4. The employee referenced was presumably Ms. Howell.
5. The Plaintiff allegedly was untruthful to SLED investigators and claimed that he was speaking to an individual other than the female DMH employee in the phone conversations. (Dkt. No. 12-1 at 9.)
6. The Plaintiff's sanctions included the following: "[Seven] days of Therapeutic Room Restriction, [seven] days of Early Bedtime, loss of level for at least [thirty] days, [six] months of restricted phone privileges, and . . . no contact with the staff member (by letters, phone calls, or via third parties)."
7. The Amended Complaint contained claims under 42 U.S.C § 1983 against Ms. Howell and Ms. Cooper. (Dkt. No. 1-1 at 6-7.) Both claims against Ms. Howell and Ms. Cooper were dismissed by the district court. The Amended Complaint does not bring a claim under § 1983 against DMH.

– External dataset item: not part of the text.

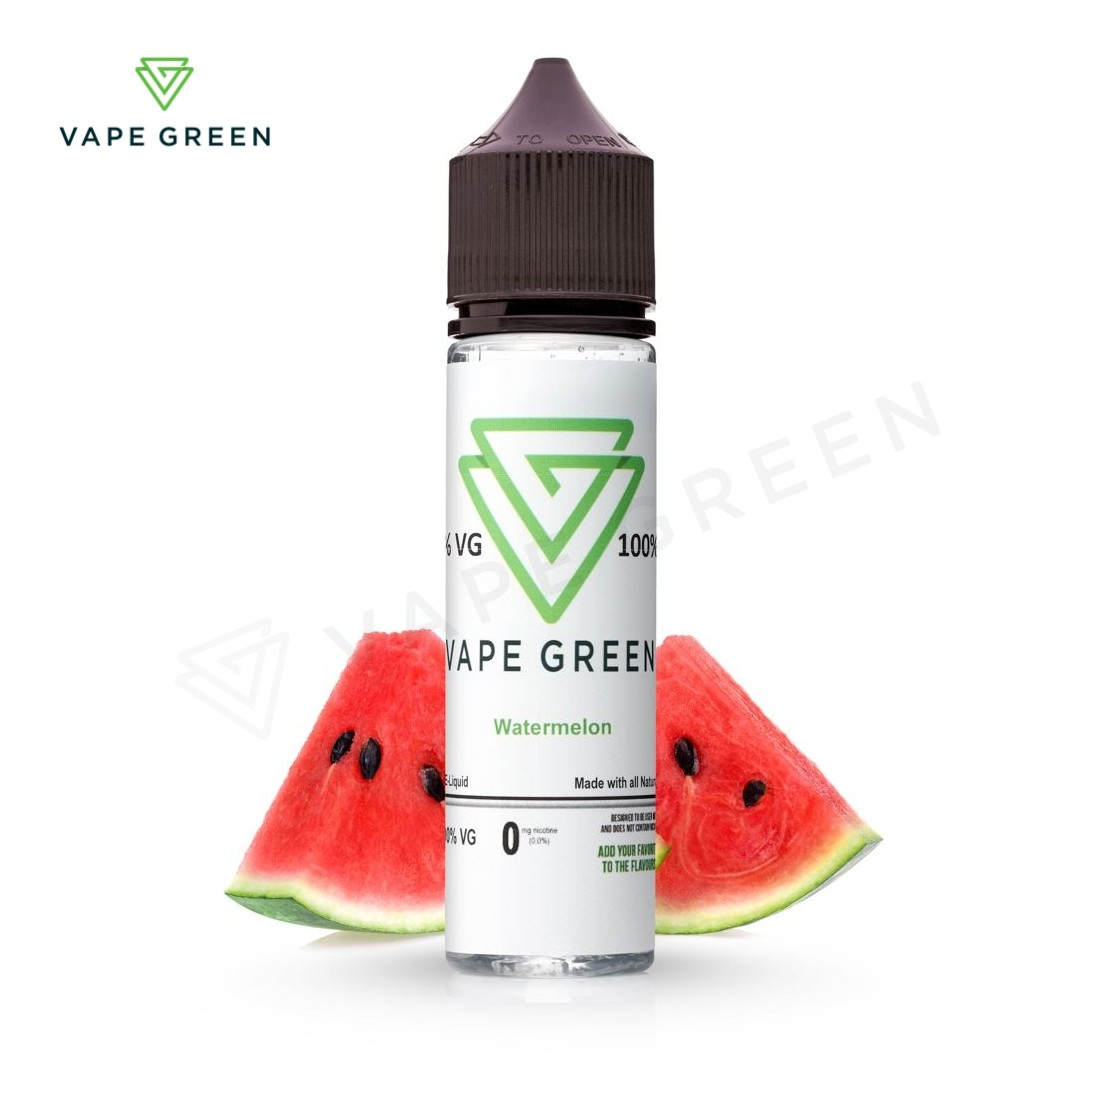 Watermelon E-Liquid by VapeGreen 50ml

8. There is no evidence in this case that the Plaintiff filed a verified claim with the State Fiscal Accountability Authority. Additionally, the Plaintiff applies a two (2) year statute of limitations in his arguments found in his Return and Opposition. (Dkt. No. 33.)
9. The Plaintiff in the case at bar was 47 years old on August 20, 2013. Therefore, the Plaintiff does not have the benefit of having the statute of limitations toll until he reaches the age of majority.
10. All of the remaining claims in this case are against DMH and under the Act. In the alternative, the district court may remand this case for disposition in state court pursuant to 28 U.S.C. § 1367(c)(3). See Hinson v. Norwest Fin. S. Carolina, Inc., 239 F.3d 611, 616 (4th Cir. 2001) (holding after all federal claims were dismissed that principles of pendant jurisdiction applied and "a court may dismiss the claim or, if it was removed, remand it to State court").
11. DMH additionally moves for summary judgment on the Plaintiff seeking attorney's fees. (Dkt. No. 30.) The Plaintiff concedes he is not entitled to attorney's fees. (Dkt. No. 33.)